Tuesday, April 23, 2013

Let Me Shine Like the Moon

Lord, let me shine, shine like the moon
A reflection of You in all that I do
Lord, let me be a light for Your truth
Light of the world, I wanna be used to shine for You



A beautiful New York Moon

"The Heavens declare the glory of God; And the firmament shows His handiwork."
Psalms 19:1

Tuesday, April 16, 2013

Initiate: Meltdown Phase

Sunday night I laid on my bed and cried for an hour. Maybe it was the build up of things, maybe it was my mind running wild or maybe it was just me being me. A simple conversation on the phone turned into an hour long discussion with tears coming down my face. Because I was on my back, all the tears had gone into my ears (weird) and I probably have swimmer's ear right now.

I got Senioritis pretty bad my Senior year of high school. I failed a couple of tests because of it (and a trip to Spain. How was I supposed to concentrate when I was flying to Europe?!). It's different this time. I trust that God will put me where He wants me so I'm not too worried about post-grad but right now I feel like the campus is imploding on me. Some days I feel lonely and other days I don't get any work done because I socialized to much. I am finding the biggest crunch to do everything/say everything/see everything before I leave. ugh.

My mental state is so unstable right now. I had myself convinced I was both depressed and had an eating disorder. That is what happens when you're on a stationary bike for an hour staring at a blank wall. I knew I was not being rational, but who wants to admit that in the moment? Good thing my parents are stuck with me because, after that meltdown, they might have wanted a break.

Sometimes I feel like the best cure would be a hug from Jesus Himself. I find myself desiring that so much, especially in the times when I am discouraged and hurting. That is what I want most right now; a hug from the Son of God. Is it that so difficult to ask? I know I know... but still, a girl can dream, right? Good thing He loves me (regardless). In the middle of my meltdown my dad quietly said "For God so loved Krissy...." and I couldn't help but feel the hope the few words provided. Yeah, life was stinking at the moment but, how bad can it be when your dad puts your name into John 3:16 and reminds you of the love that will never leave you nor forsake you (that reminder came from Hebrews 11-13...mom suggested that for some new perspective :)

"For God so loved Krissy..."

That He gave His only Begotten Son.

That whoever believes in Him will not perish but have everlasting life.

...That is the most important thing in life.

Tuesday, April 9, 2013

40 Days!

40 days stand between me and Graduation!

40 DAYS.

40 years of wilderness before the promised land... Israelites.

40 days on Mount Sinai with God...Moses.

40 days of tempting (no food or water)...Jesus.

God brings good things after 40s, doesn't He?

Whatever it is, it will be the perfect thing for me.

Monday, April 8, 2013

I wish you could meet you.

I struggle from insecurities.
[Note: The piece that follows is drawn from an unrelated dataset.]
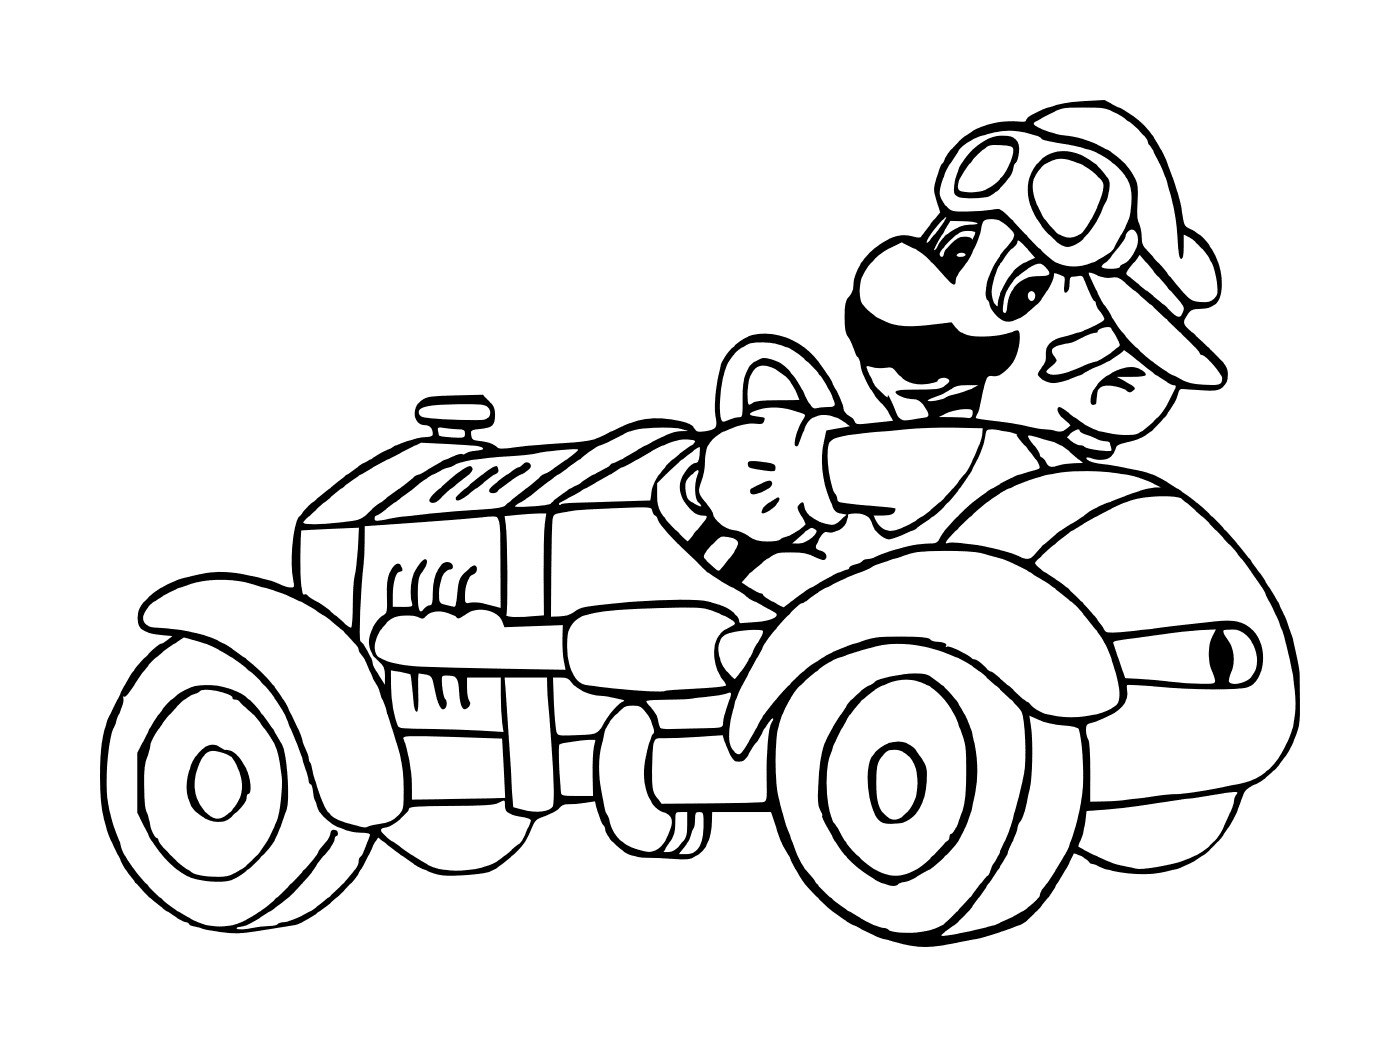  Mario Kart, un coche viejo

I wish I didn't but it's something I'm working on. My biggest insecurity results from my desire to woo and have people like me. I'll often stress over if I talked to much, if I said the right thing, was I too obnoxious? etc... I have to remind myself that if people didn't like me, they wouldn't hang around. That's why they're my friends.

I must drive my friends crazy with my love of the moment but constant doubting of myself afterward. I was skyping with a friend and she knows my insecurities. I was fooling around during our skype date and she looked at me and said "Krissy, I wish you could meet you." I had never heard that before or even thought about it.

I want my friends to view them the way I view them. We seem to always have this lens over our eyes causing doubt and essentially preventing us from becoming the people we are meant to be. If we could look through different eyes and see ourselves the way the people that loves us do....imagine the confidence. imagine what we could do?!

My friends are such blessings. It's interesting comparing friends and family (though both are often very intertwined for me!). You're born into a family that eventually becomes your friends. However, you get to choose friends and they, in turn, get to choose you! My friends encourage me to be who God made me to be. I'm so thankful for these reminders of God's love and purpose for my life.

I wish I could meet Jesus and see myself through His eyes. I wish I could put my Jesus glasses on and see the world the way he sees it.

I wish you could meet you and see how wonderful you are.

Maybe we should go introduce ourselves in the mirror and see just how awesome we really are.